AOL Exec Goes AWOL: Short's Out, Initiative's In

  • by February 18, 2004
Interpublic Group of Cos.' Initiative Media managed to hold onto America Online's offline media account--estimated at more than $200 million--after a review process that began in November, AOL confirmed Tuesday. Initiative, the incumbent, competed against Aegis Group's Carat for the account. Publicis Groupe's Starcom bowed out of the review on Feb. 6, citing conflicts with its Disney business. Initiative will handle all media buying, planning, and strategy for Time Warner's AOL.

"We are very proud of the partnership we have with Time Warner. We have been and continue to be the agency for [Time Warner's] New Line, and we value that relationship. We went into the [AOL] pitch and gave it absolutely everything we had," said David Verklin, CEO-Carat, who was disappointed after losing the closely watched review. "We give a lot of credit to Initiative, because the track record for an incumbent in a mandated pitch is not very good. It's like 10-to-one. So, kudos to Alec Gerster and his team."

Initiative executives were not available for comment, but the media agency decision coincided with a shakeup in the brand management ranks at AOL--Len Short, AOL's flamboyant executive-VP of brand management, is out, the company confirmed. Short will continue to work for AOL on strategic projects, according to a spokeswoman. Reached by phone, Short referred calls to AOL officials.

Short's duties have been parsed to other marketing executives at AOL. Richard Taylor, who handles agency relationships, will now be responsible for brand advertising, promotions, media, and agency relationships as senior-VP, brand advertising and promotions. Derek Koenig, VP-advertising, will now report to Taylor. Mark Greatrex, who worked on brand architecture, is now executive-VP, marketing and brand development. Russ Natoce, senior-VP of brand management, will report to Greatrex.

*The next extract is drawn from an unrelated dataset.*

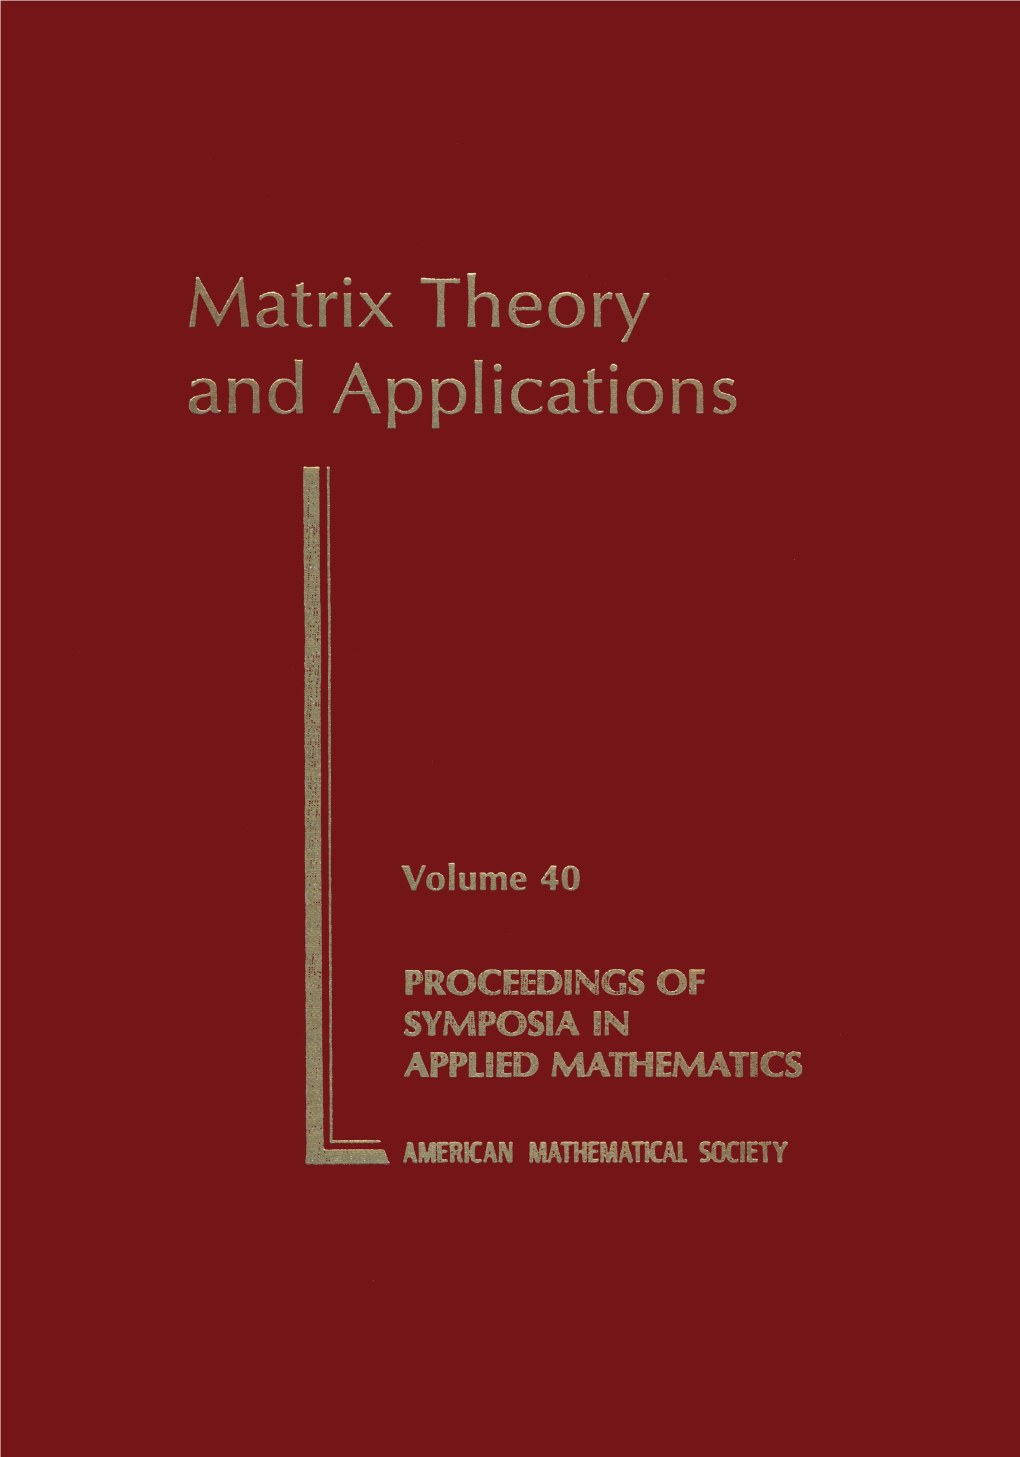 MATRIX THEORY and APPLICATIONS Edited by Charles R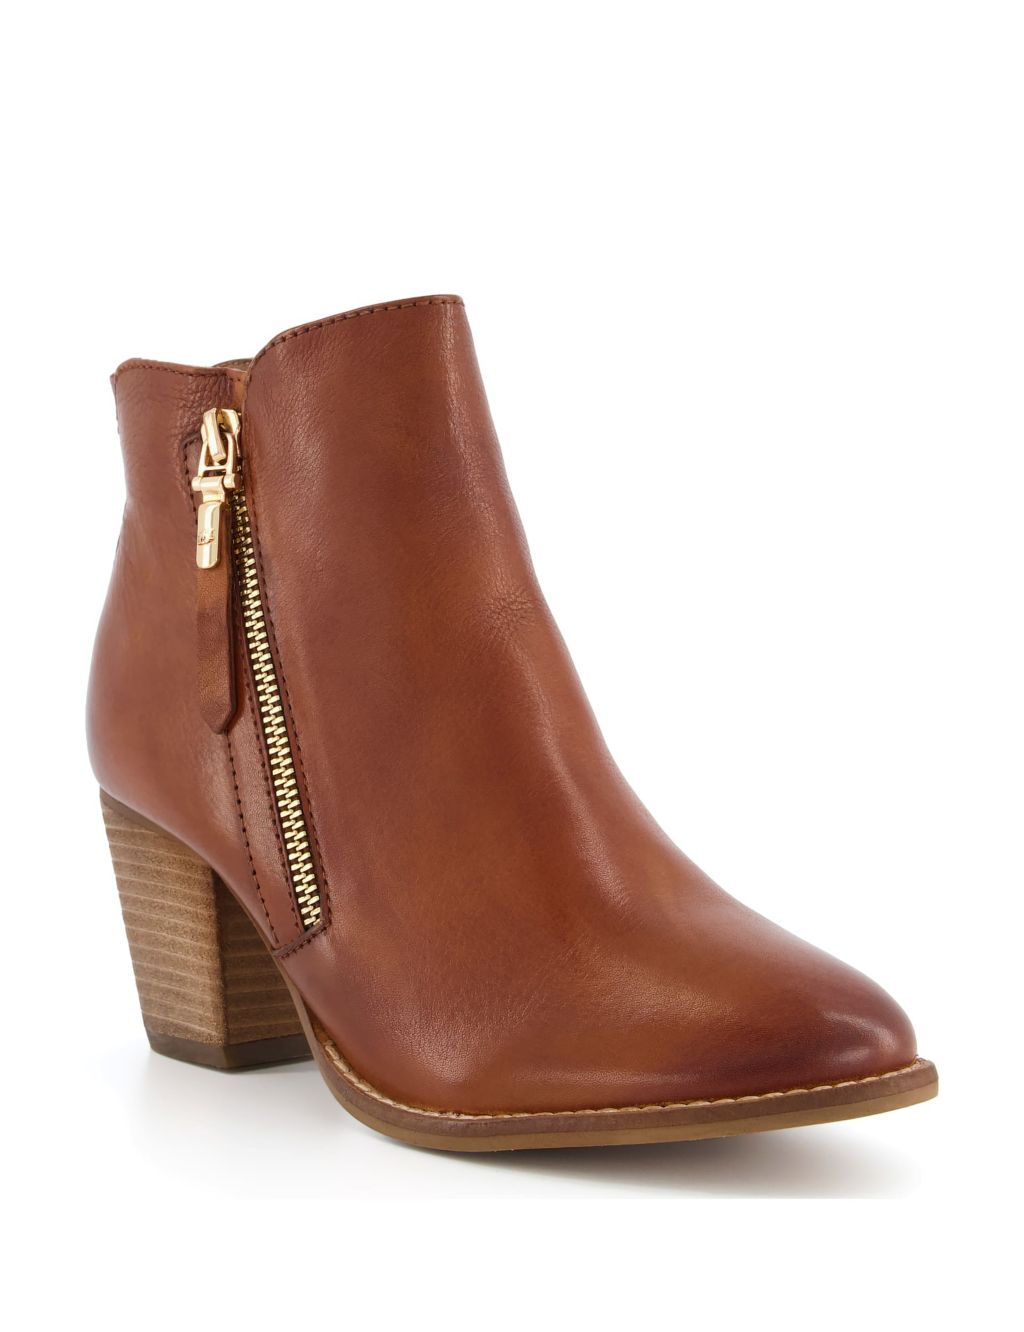 Leather Block Heel Ankle Boots image 2

Short, who came to AOL from E*Trade a little more than a year ago, was known as a cowboy who marched to his own drummer. During his tenure at AOL he helped shore up the brand, working toward a unified look and feel for its advertising. Short also called several reviews, and was known for keeping his creative options wide open. He retained smaller agencies for projects and consulting. One of his first moves was to part company with Interpublic's Gotham; Omnicom Group's BBDO, New York became AOL's agency of record for AOL 9.0, along with its sibling atmosphereBBDO. Both continue to work on AOL for broadband products and services; BBDO had no comment on Short's departure.

Short appointed Wieden & Kennedy, Portland, Ore., as AOL's agency for the corporate brand, then decided it would work on AOL TopSpeed (the latest commercials ran during the Super Bowl), leaving corporate branding work for later this year. A recently concluded interactive media review tapped Digitas, which had already been working with AOL, and retained atmosphereBBDO. That review was led by John Lane, with input from Short.

In an internal memo to employees, Joe Redling, AOL's chief marketing officer and Short's boss, said: "Len Short, who has portrayed extraordinary energy and skill in raising the bar on AOL's creative work and in laying the foundation for the revival of our brand, will be stepping back from his day- to-day operational responsibilities and oversight of AOL's advertising agency efforts."

Some AOL employees who worked with Short were apparently frustrated by his diffuse management style and turn-on-a-dime tactics, according to one source close to the matter. One example of those tactics: Short allegedly failed to preview final cuts of AOL's Super Bowl commercials created by Wieden & Kennedy, for key executives, according to an AOL employee. However, AOL said that Short is not being blamed for the Super Bowl halftime show flap.

-- Joe Mandese contributed to this story.